Fished for about 1.5 hours. Joshy's and grubs. No bites. Had problems with frozen eyelets. About 20 other guys fishing; didn't see anybody catching fish...

Sent from my SCH-I510 using Ohub Campfire mobile app


----------



## allbraid (Jan 14, 2012)

Awesome that you got out! While the rest of us sat inside and wished we were fishin!


----------



## Dovans (Nov 15, 2011)

Originally planned to go down there today, but was left with a car that is very unreliable. Dang shame too, was a beautiful afternoon to fish.


----------



## Deazl666 (Mar 30, 2012)

Dovans said:


> Originally planned to go down there today, but was left with a car that is very unreliable. Dang shame too, was a beautiful afternoon to fish.

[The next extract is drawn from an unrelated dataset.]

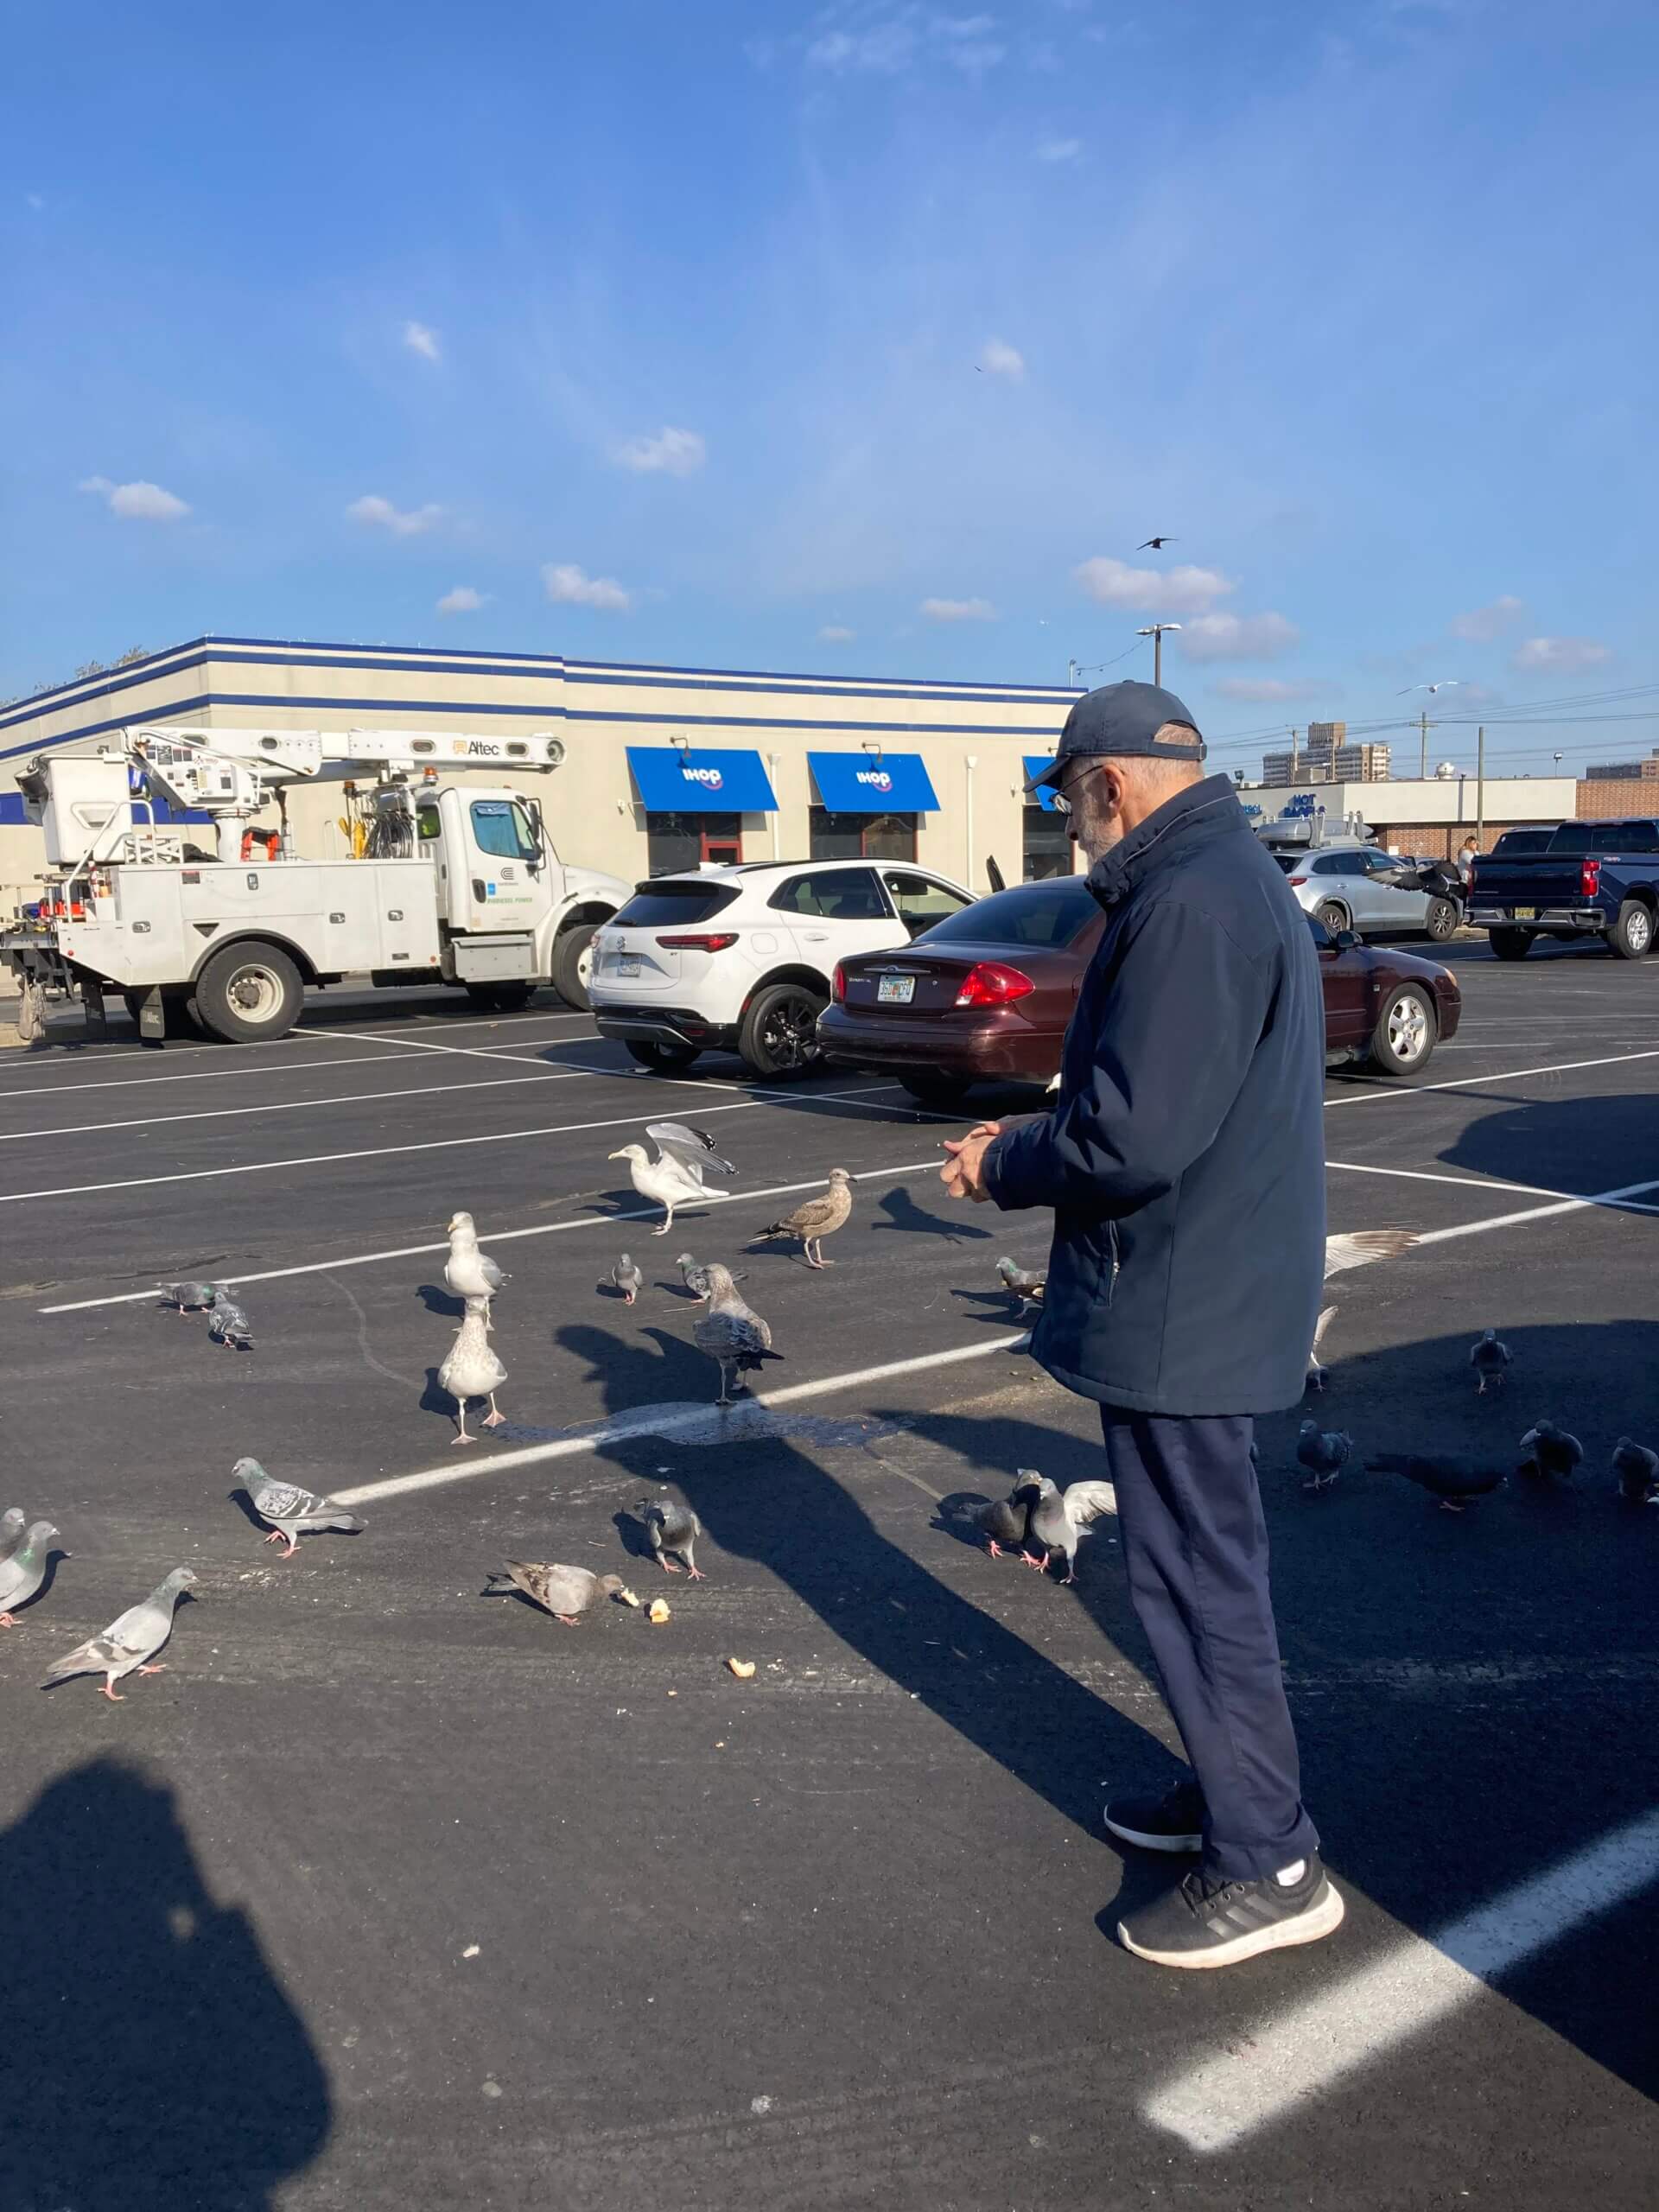 A man wearing navy blue clothes tosses dog food to pigeons and gulls in a parking lot.

Tomorrow looks to be better...

Sent from my SCH-I510 using Ohub Campfire mobile app


----------



## BassBoss (Mar 5, 2011)

allbraid said:


> Awesome that you got out! While the rest of us sat inside and wished we were fishin!


Hehe especially me, im having exams at school. 

Sent from my SPH-L710 using Ohub Campfire mobile app


----------



## glasseyes (Jan 28, 2012)

caught one fifteen inch this morning in rain, out flow is very good, gave a young fellow a bandaid and some tape when he pulled a treble hook out of his finger that he said was buried past the barb, OUCH. Caught the one on black and gold with orange belly, #10 husky jerk.


----------



## Deazl666 (Mar 30, 2012)

glasseyes said:


> View attachment 88201
> caught one fifteen inch this morning in rain, out flow is very good, gave a young fellow a bandaid and some tape when he pulled a treble hook out of his finger that he said was buried past the barb, OUCH. Caught the one on black and gold with orange belly, #10 husky jerk.


Nice job! I removed a buried hook from a friend's thumb in May...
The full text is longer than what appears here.